The emperor returns for an inauguration spectacle
National Post, 19 January 2025
Trump's Jan. 20 swearing-in will be followed by the U.S. college football championship in the evening. Both will surely feature excess
It will be a January 20th unlike any other. At midday the new president will be inaugurated. In the evening, the national college football championship will be played. On a single day America will bloom in the full flower of late imperial excess.
It’s been 20 years since Niall Ferguson published Colossus: The Rise and Fall of the American Empire, a masterful account of “an empire with attention deficit disorder.” He wrote it before Facebook became common, the smartphone ubiquitous, social media contagious and Donald Trump omnipresent.
The emperor returns. His billionaire populism comes this time with a certain acquisitive hunger — for Greenland, for the Panama Canal, for all of Canada. Call it empire-building isolationism.
His command is unchallenged. Republicans have demonstrated their fealty in Congress. Foreign leaders have made their abasement visits to Mar-a-Lago. The titans of tech have paid their tribute and will sit together at the Capitol. Will there be a luxury box?
Alongside Elon Musk, Jeff Bezos, Sundar Pichai and Mark Zuckerberg will be TikTok CEO Shou Zi Chew. Trump was in favour of banning TikTok until he was against it, and the interests of his billionaire backers appear to have been determinative.
The spectacle on Monday ought to provide clarity for the Canadians in attendance, including Alberta Premier Danielle Smith. Alberta is not Saudi Arabia, but perhaps the simplest — and cheapest — way to deal with Trump’s tariff threat is to “invest,” Saudi style, $2 billion in Jared Kushner’s private equity fund. The fund makes no returns, but charges hefty fees. It’s possible that foreign powers think that they are buying something else from Trump’s son-in-law.

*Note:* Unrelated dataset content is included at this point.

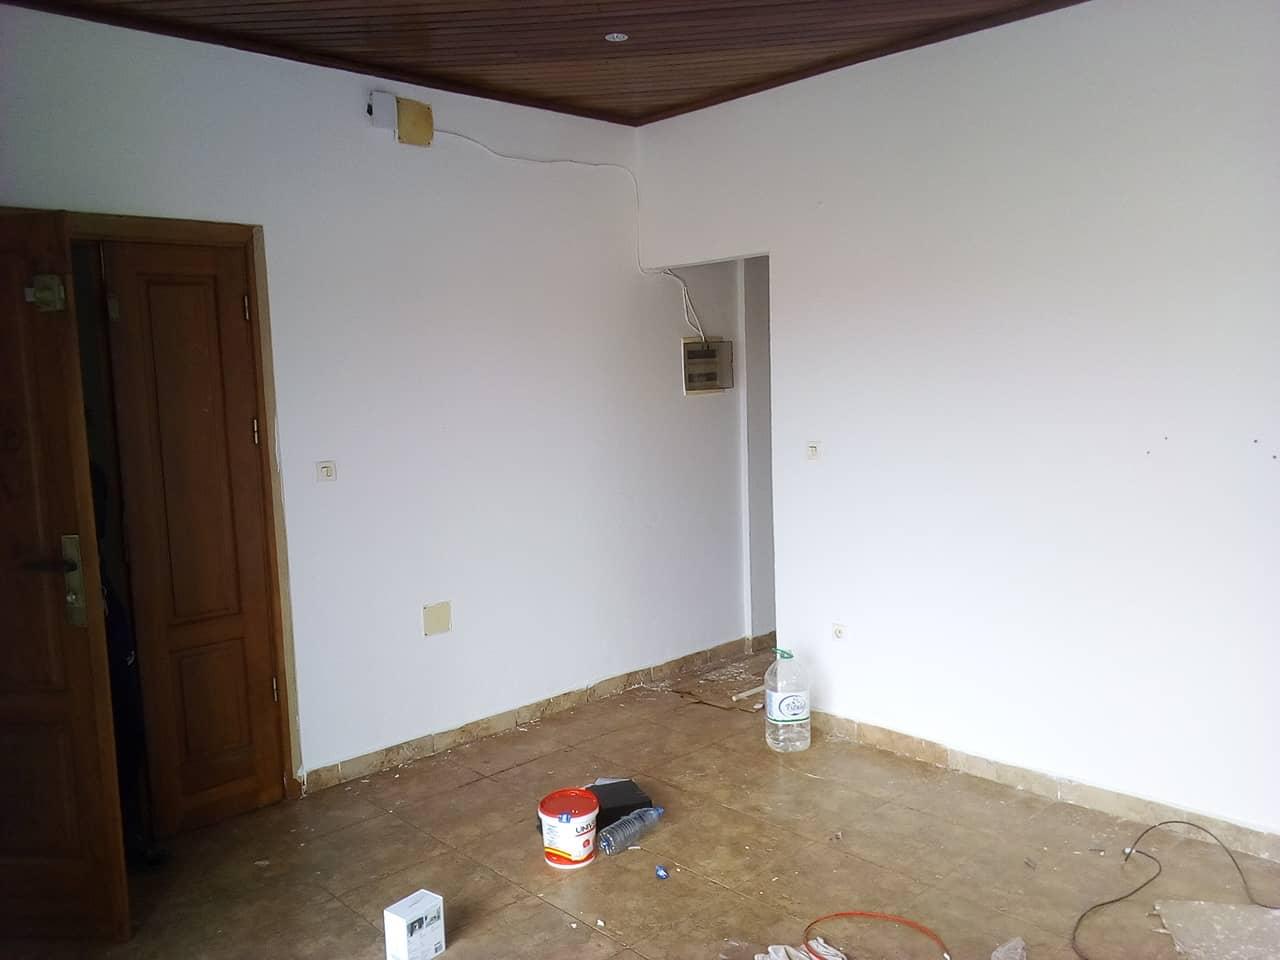 Apartment to rent - Yaoundé, Bastos, bastos - 1 living room(s), 1 bedroom(s), 1 bathroom(s) - 175 000 FCFA / month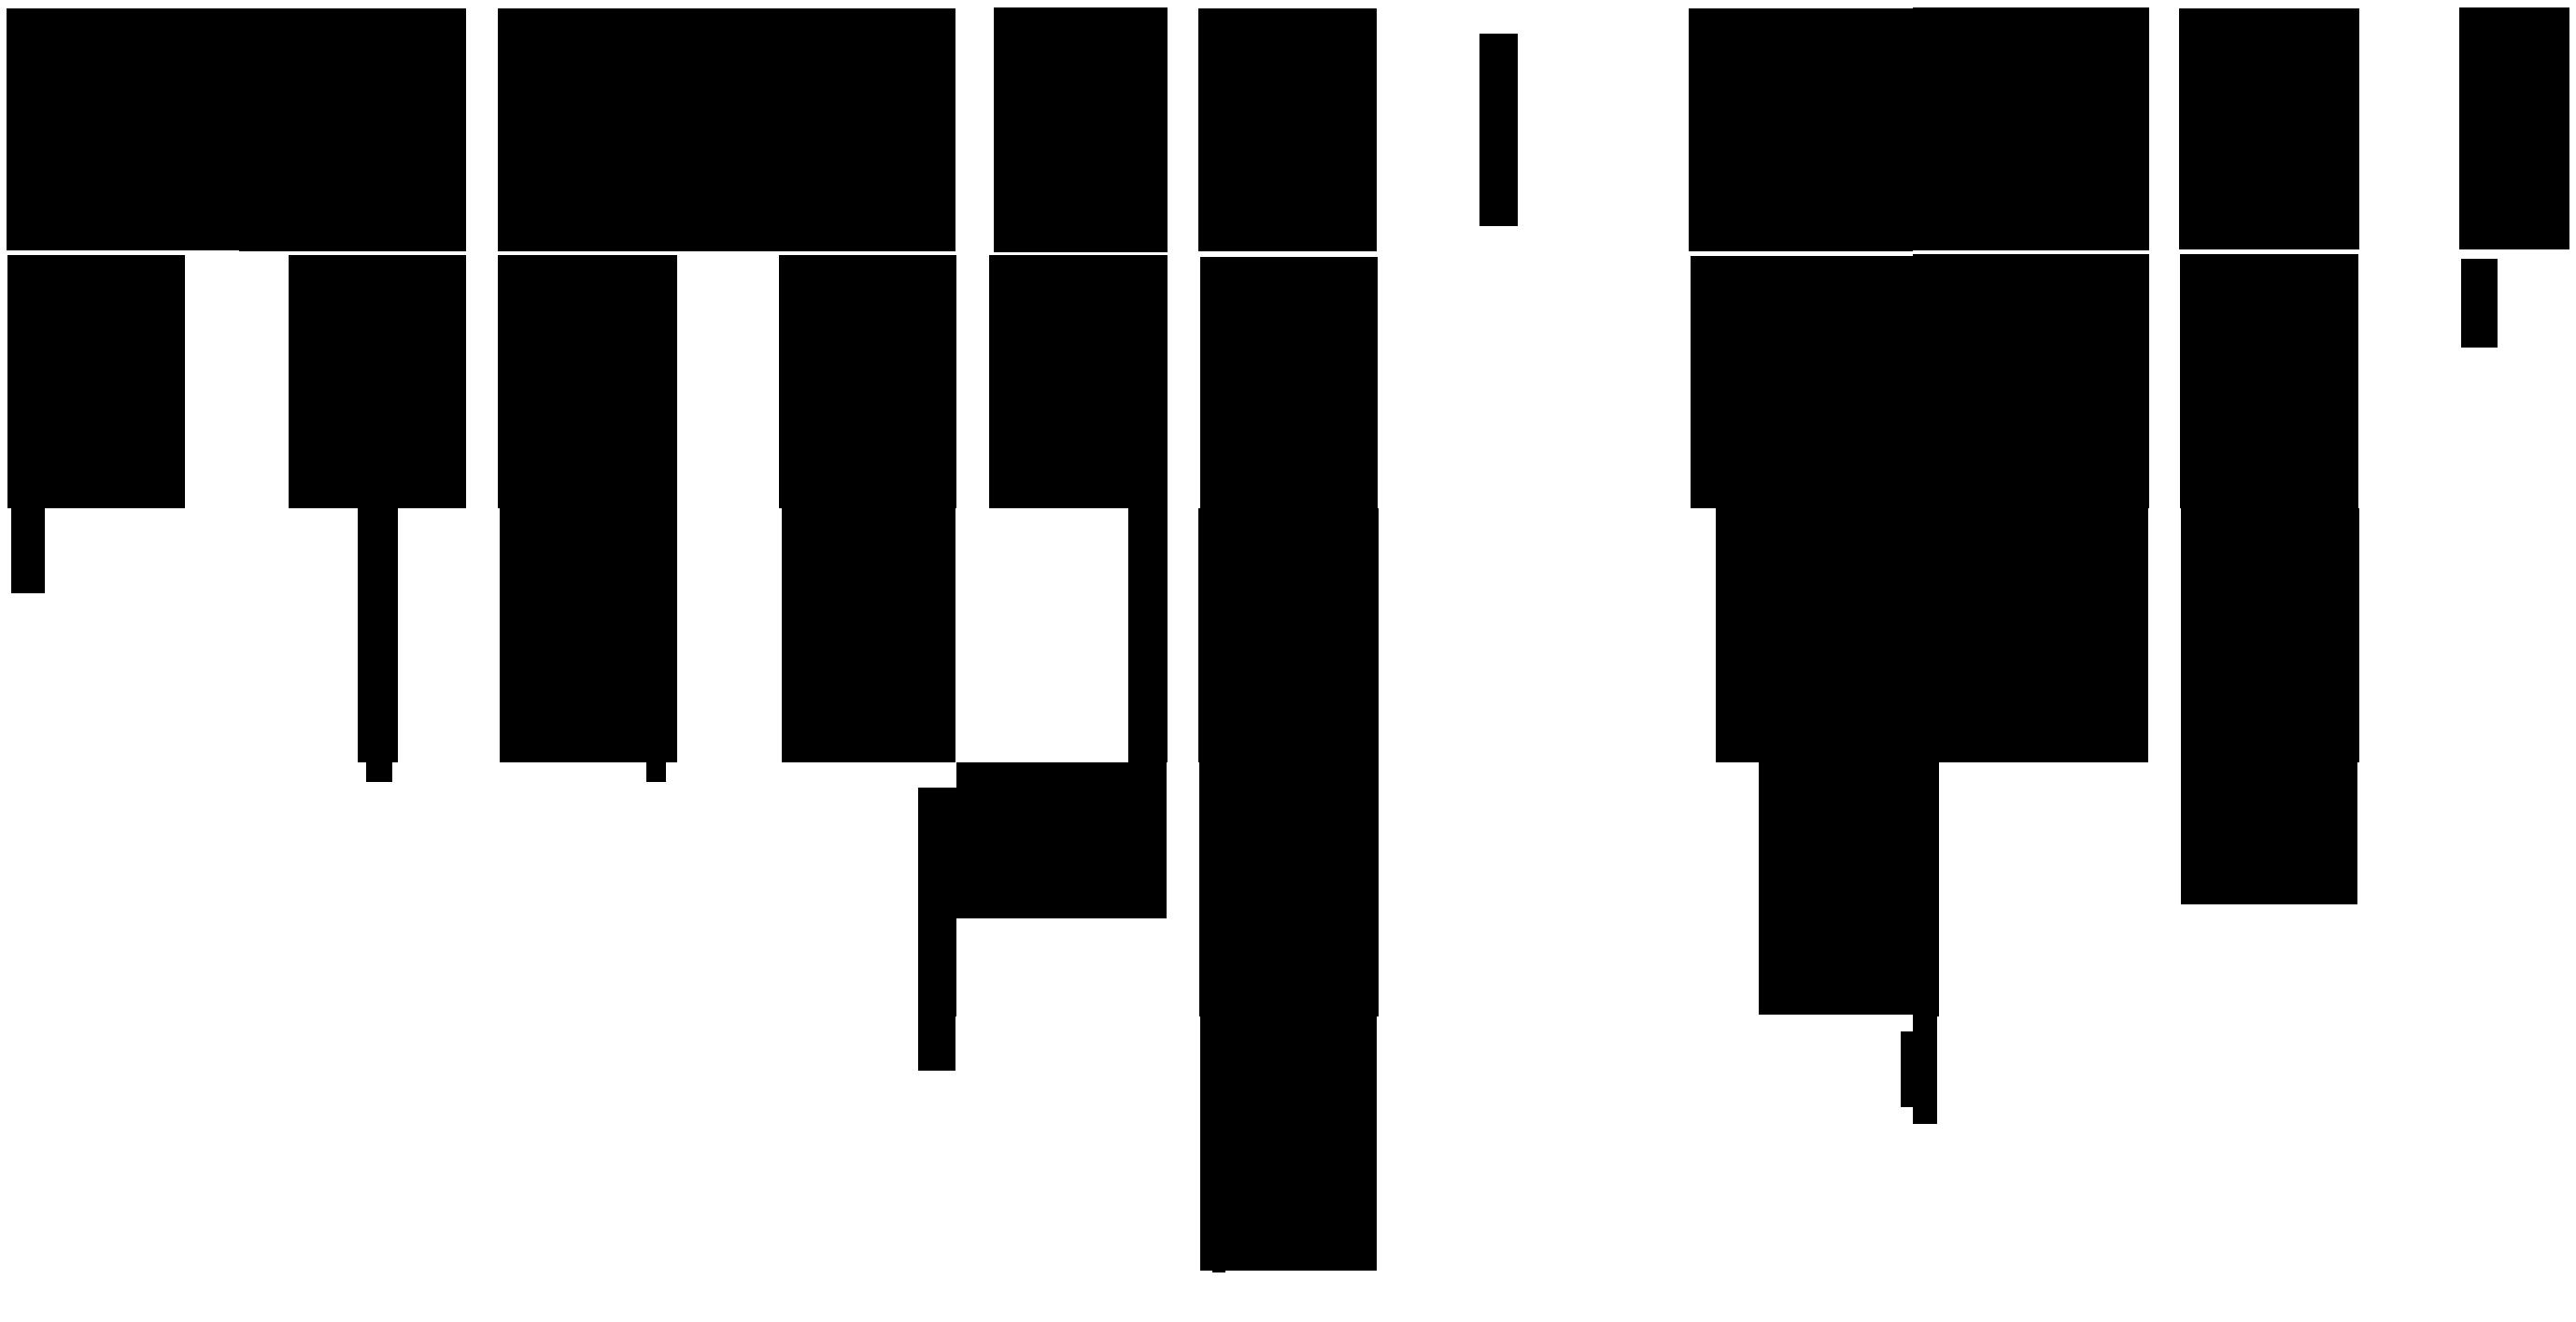 鈴木詩130830-2

Republics are meant to elevate virtue; imperial expansion is the consequence of a well-ordered commonweal. Success brings the danger of overreach abroad and dissipation at home. Late imperial decadence sets in when the trappings of success are enjoyed but the sacrifices necessary to sustain them are no longer made. Ideals give way to interests.
Consider the Village People. Their song, YMCA, a 1970s gay anthem, has become Trump’s rally-closing song. Victor Willis, songwriter and singer, announced, as many liberal artists did, that he did not want Trump using his song. Then he changed his mind.
“The financial benefits have been great,” Willis said last month with admirable simplicity. “YMCA is estimated to gross several million dollars since the president-elect’s continued use of the song. … And I thank him for choosing to use my song.”
Would that others could be so direct.
In 2009, Aretha Franklin was the undisputed star of Barack Obama’s first inauguration, singing My Country ‘Tis of Thee. The Village People will be on hand in Washington for Trump’s ancillary celebrations. One does not need Niall Ferguson to demonstrate that decline.
Imperial decline includes circuses, and nowhere is the excess more evident that at the college football championship, to be played Monday night in Atlanta. The Super Bowl is bigger still, but has from the beginning been a vulgar commercial proposition.